At the other end of the process, to call a Pascal function from your assembly code, you would do something like this:

          extern SomeFunc 
          ; and then, further down... 
          push word seg mystring ; Now push the segment, and... 
          push word mystring     ; ... offset of "mystring" 
          push word [myint]      ; one of my variables 
          call far SomeFunc

This is equivalent to the Pascal code

procedure SomeFunc(String: PChar; Int: Integer); 
    SomeFunc(@mystring, myint);

7.5.2 Borland Pascal Segment Name Restrictions

Since Borland Pascal's internal unit file format is completely different from OBJ, it only makes a very sketchy job of actually reading and understanding the various information contained in a real OBJ file when it links that in. Therefore an object file intended to be linked to a Pascal program must obey a number of restrictions:

Procedures and functions must be in a segment whose name is either CODE, CSEG, or something ending in _TEXT.
Initialised data must be in a segment whose name is either CONST or something ending in _DATA.
Uninitialised data must be in a segment whose name is either DATA, DSEG, or something ending in _BSS.
Any other segments in the object file are completely ignored. GROUP directives and segment attributes are also ignored.

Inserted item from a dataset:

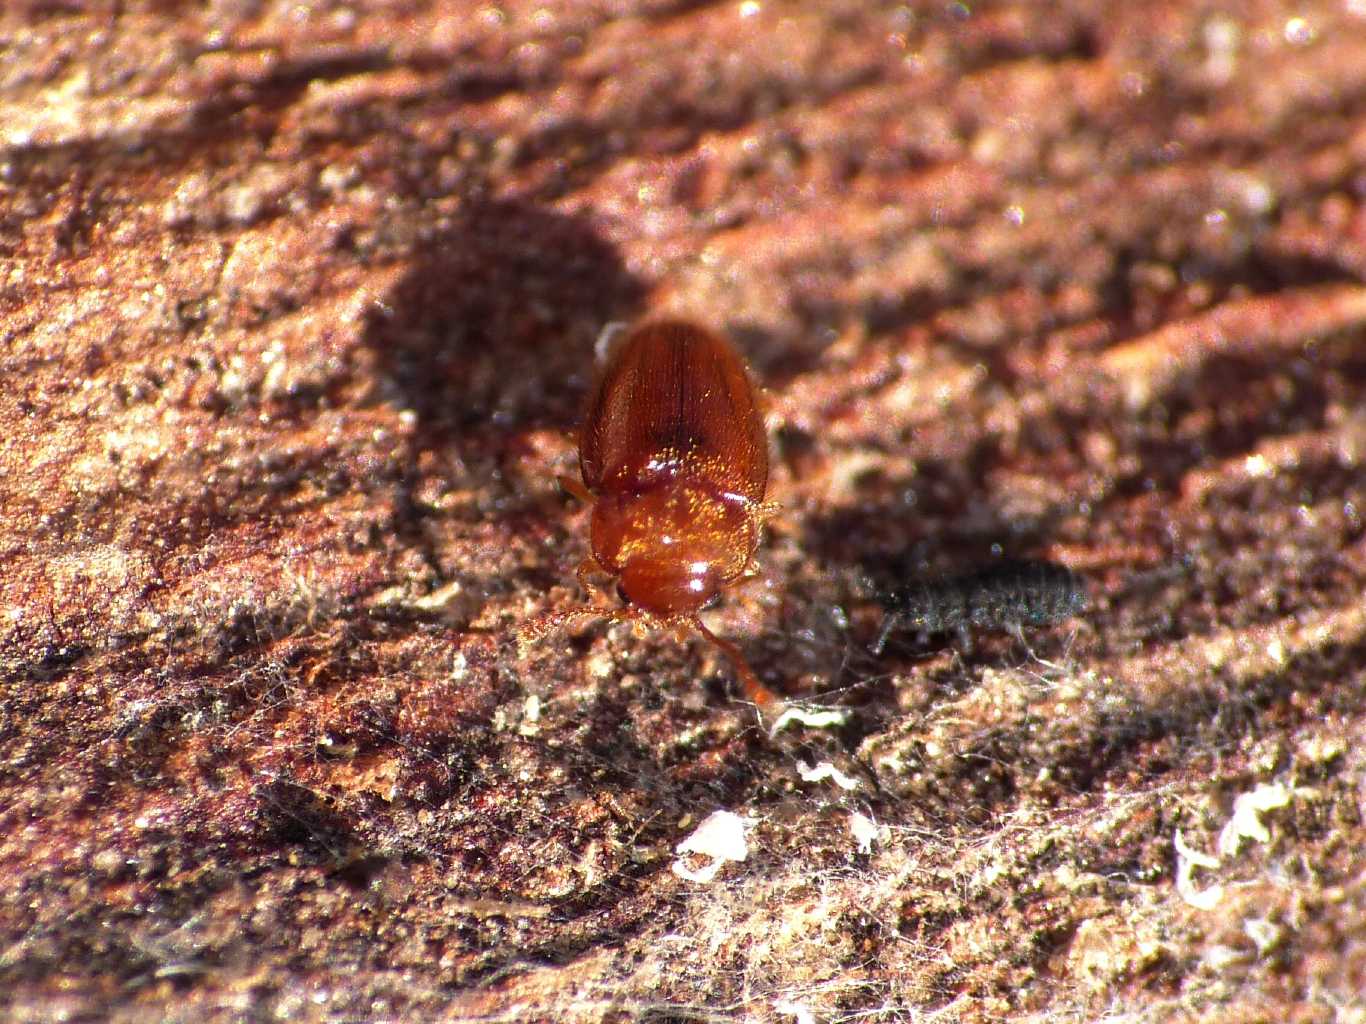 Rhyzobius sp. (Coccinellidae)

7.5.3 Using `c16.mac` With Pascal Programs

The c16.mac macro package, described in section 7.4.5, can also be used to simplify writing functions to be called from Pascal programs, if you code %define PASCAL. This definition ensures that functions are far (it implies FARCODE), and also causes procedure return instructions to be generated with an operand.

Defining PASCAL does not change the code which calculates the argument offsets; you must declare your function's arguments in reverse order. For example:

%define PASCAL 
          proc _pascalproc 
%$j       arg 4 
%$i       arg 
          mov ax,[bp + %$i] 
          mov bx,[bp + %$j] 
          mov es,[bp + %$j + 2] 
          add ax,[bx] 
          endproc

This defines the same routine, conceptually, as the example in section 7.4.5: it defines a function taking two arguments, an integer and a pointer to an integer, which returns the sum of the integer and the contents of the pointer. The only difference between this code and the large-model C version is that PASCAL is defined instead of FARCODE, and that the arguments are declared in reverse order.